La Diocesi chiarisce però che il cambiamento non comporterà la chiusura della chiesa della Marina, che continuerà a rappresentare un punto di riferimento per il quartiere e per le persone legate alla sua storia e alla sua vita religiosa. La chiesa di Nostra Signora della Misericordia resterà infatti aperta e continueranno a essere garantite le celebrazioni delle Sante Messe. Sarà inoltre possibile celebrare Battesimi, Matrimoni e Funerali per i residenti, secondo quanto previsto dall'organizzazione pastorale. "La Chiesa della Marina è sempre rimasta – e rimarrà – un punto di preghiera e di riferimento per i residenti, soprattutto le persone più anziane, e per coloro che vi sono spiritualmente legati", sottolinea la Diocesi nel comunicato diffuso a conclusione dell’iter.
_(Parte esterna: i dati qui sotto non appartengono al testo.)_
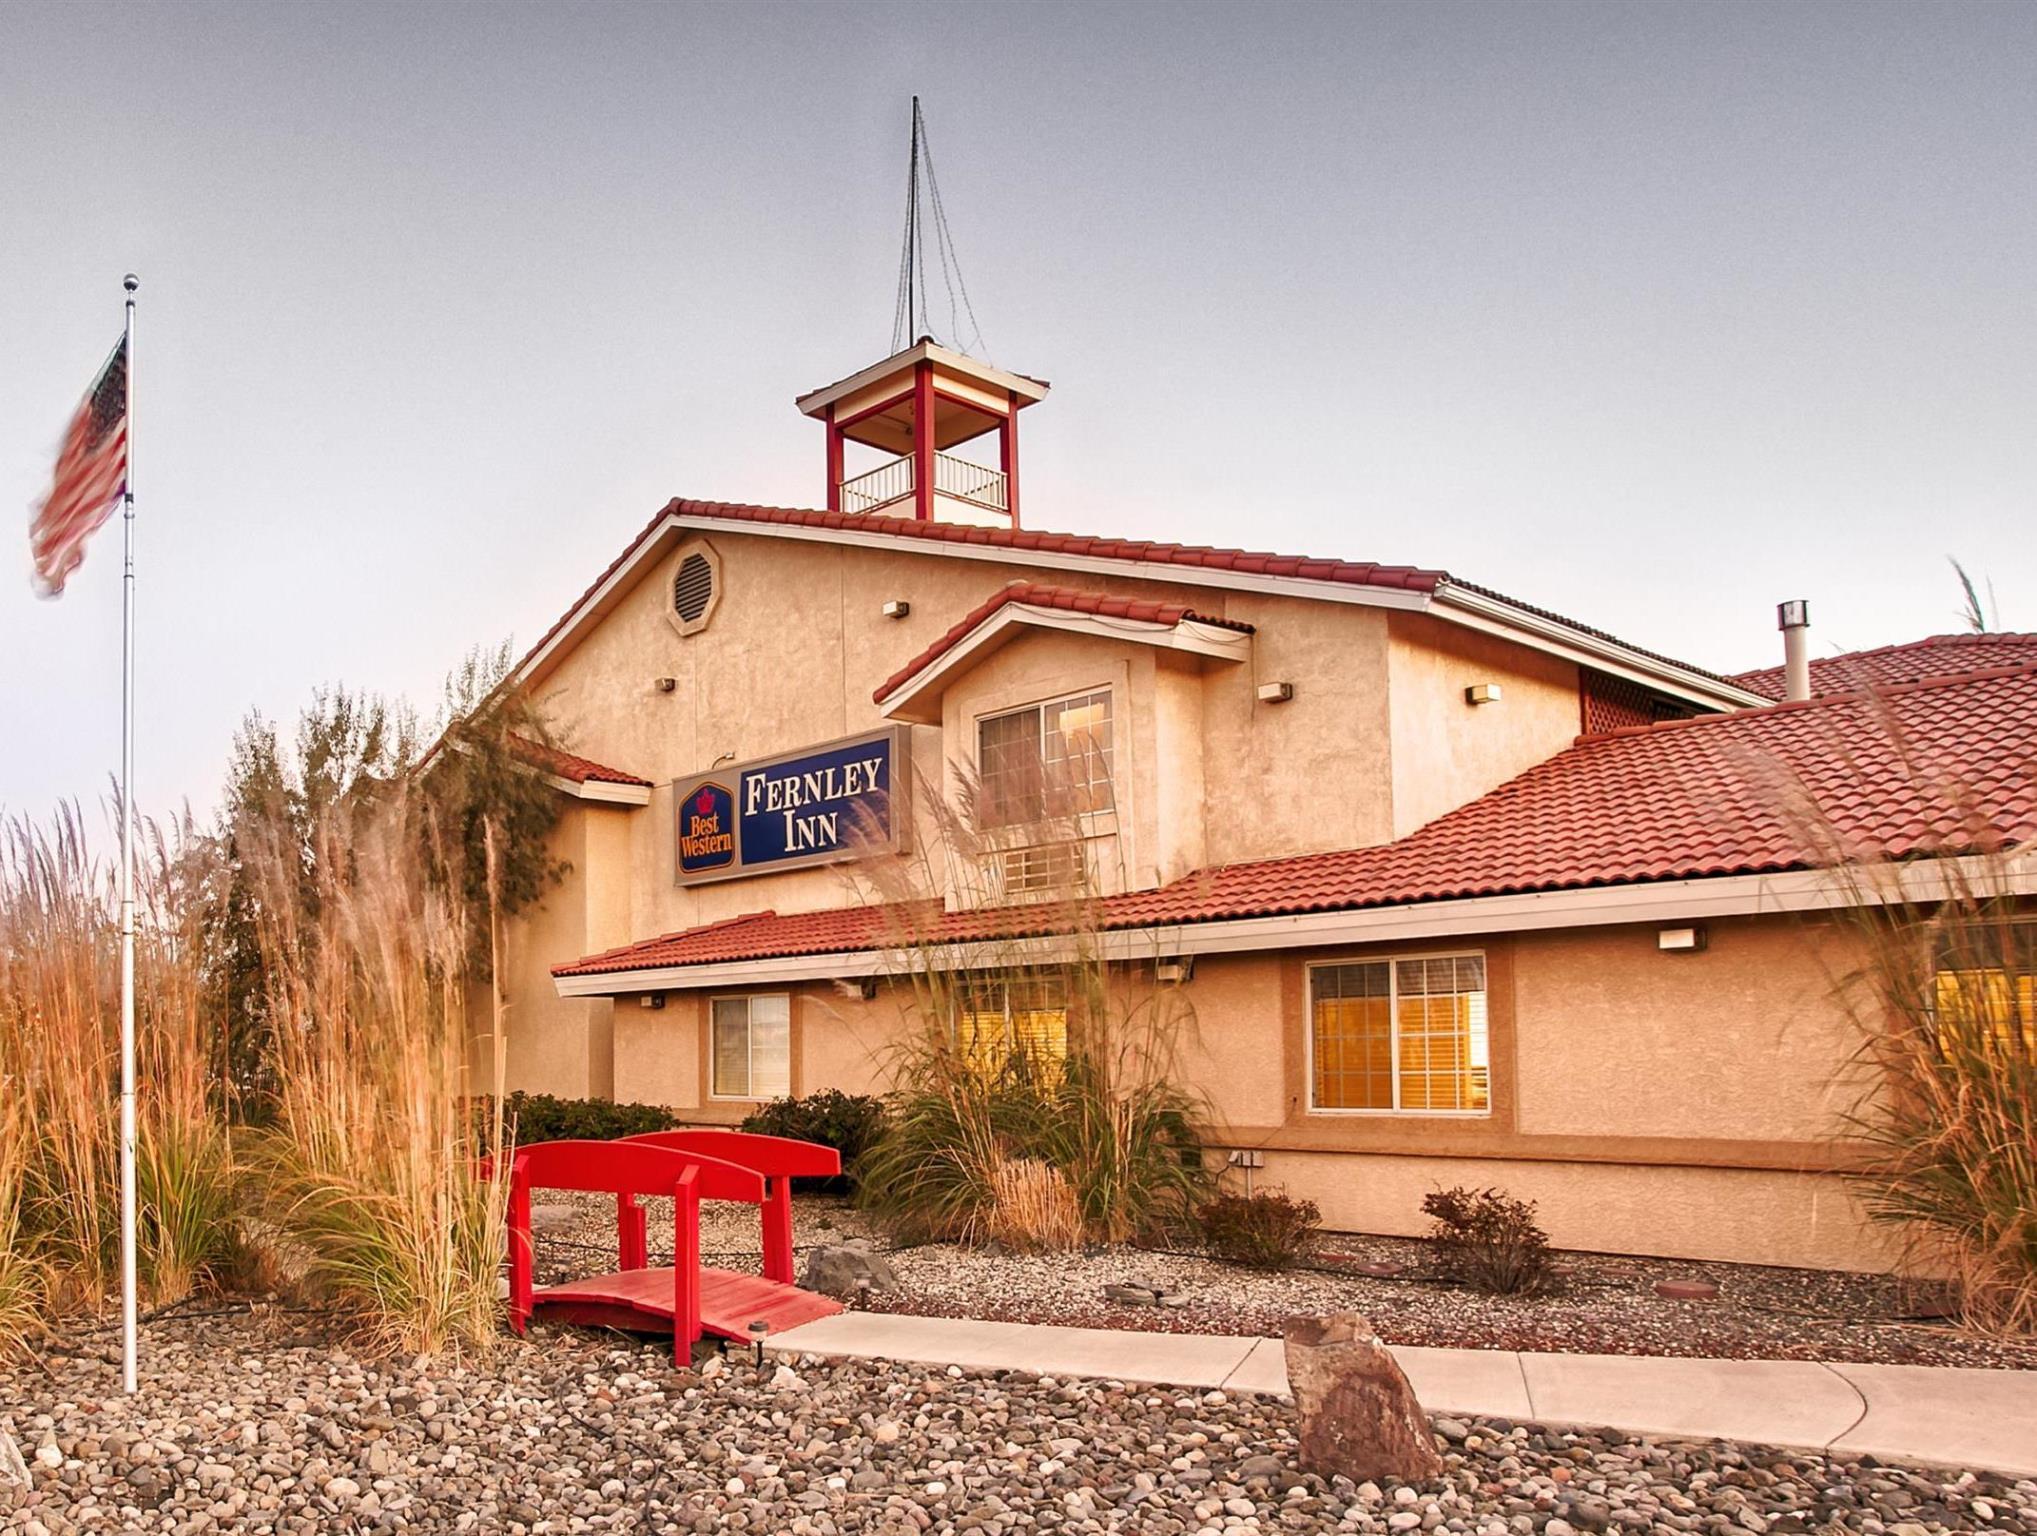 SureStay Hotel By Best Western Fernley

Per il momento, viene inoltre confermata la continuità del servizio pastorale affidato a padre Angelo e padre Davide, che continueranno a occuparsi della chiesa della Marina. Una scelta che punta a garantire una presenza conosciuta e vicina alla comunità anche nella nuova configurazione giuridica. La riorganizzazione, spiegano dalla Diocesi, nasce dalla necessità di favorire una gestione più coerente delle risorse e una migliore organizzazione della vita pastorale e amministrativa. "La decisione è nata dalla volontà di favorire una migliore organizzazione della vita pastorale e amministrativa, affinché le risorse disponibili possano essere valorizzate al meglio e il servizio alla comunità continui a essere svolto con efficacia e spirito di comunione".
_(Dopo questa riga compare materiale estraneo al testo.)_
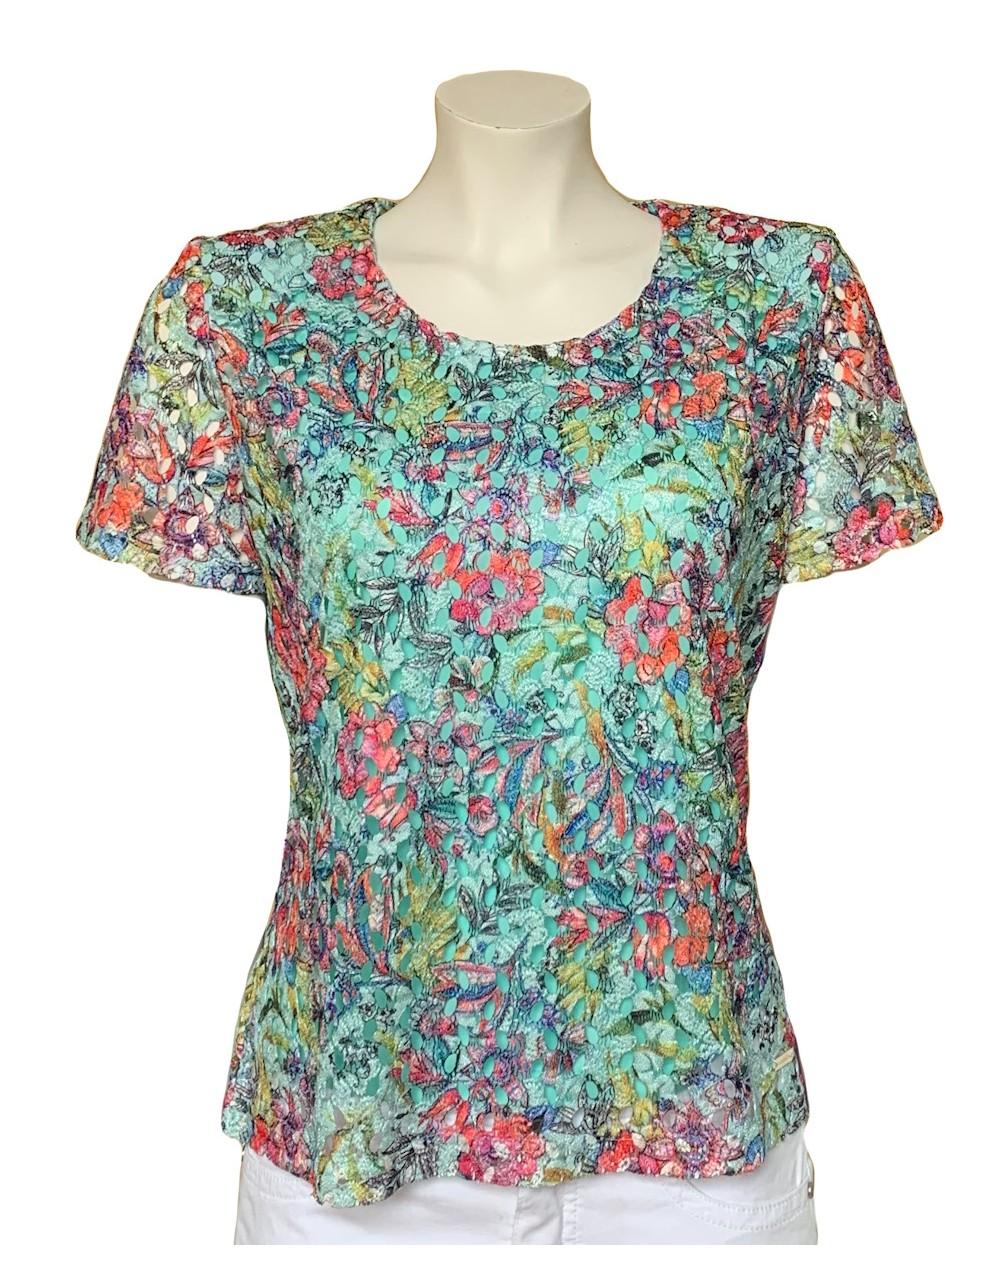 Olga Santoni Lace Summer Top  Olga Santoni Clothing Irish Handcrafts 1

Accanto al decreto vescovile vengono quindi resi pubblici anche il documento dell’Ufficio Territoriale del Governo di Imperia, il decreto del Ministero dell’Interno e la copia della pubblicazione sulla Gazzetta Ufficiale, a completamento dell’iter previsto per il riconoscimento anche sotto il profilo civile. Si tratta, quindi, di un passaggio che assume una valenza non soltanto pastorale, ma anche amministrativa e giuridica. Per i fedeli della Marina, tuttavia, l’obiettivo dichiarato è quello di mantenere la continuità della presenza religiosa sul territorio. La modifica riguarda infatti l’assetto della parrocchia, non la funzione della chiesa come luogo di preghiera e celebrazione. "Questo cambiamento giuridico e amministrativo, necessario per una coerente e corretta gestione, non modifica la missione della Chiesa", ribadisce la Diocesi.
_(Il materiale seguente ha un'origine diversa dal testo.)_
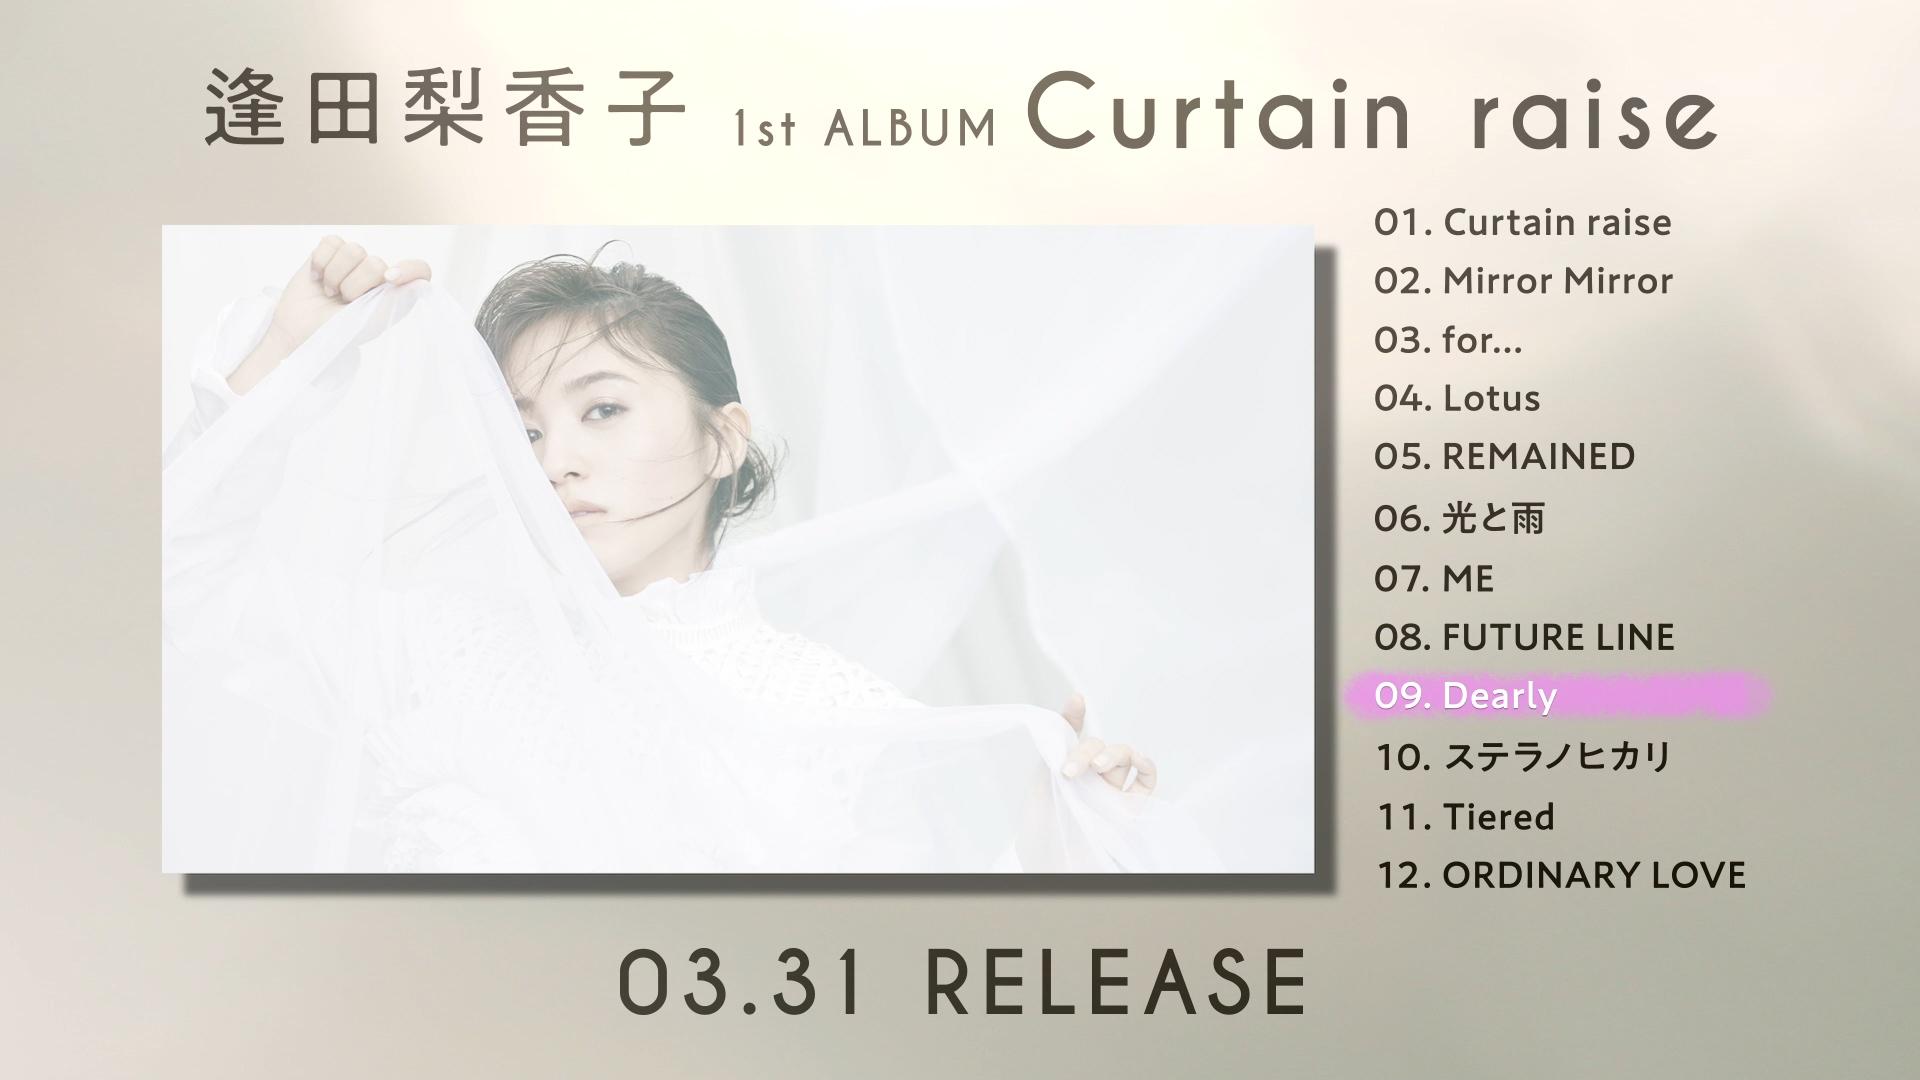 逢田梨香子 1st Album「Curtain raise」 全曲 Teaser

L’invito rivolto alla comunità è quindi quello di vivere il passaggio con serenità, senza leggere la soppressione della parrocchia come la fine della presenza della Chiesa alla Marina. La realtà religiosa continuerà a essere inserita nel tessuto pastorale di Sanremo, con San Siro quale riferimento parrocchiale e con la chiesa di Nostra Signora della Misericordia mantenuta nella sua funzione. Resteranno così garantiti i principali servizi religiosi già assicurati ai residenti, mentre le attività pastorali che richiedono una maggiore organizzazione potranno essere coordinate nell’ambito della Parrocchia di San Siro. Un riassetto che la Diocesi presenta come un accompagnamento ai cambiamenti demografici e pastorali maturati nel tempo, con l’obiettivo di preservare, insieme alla corretta gestione, una presenza viva e vicina alle persone.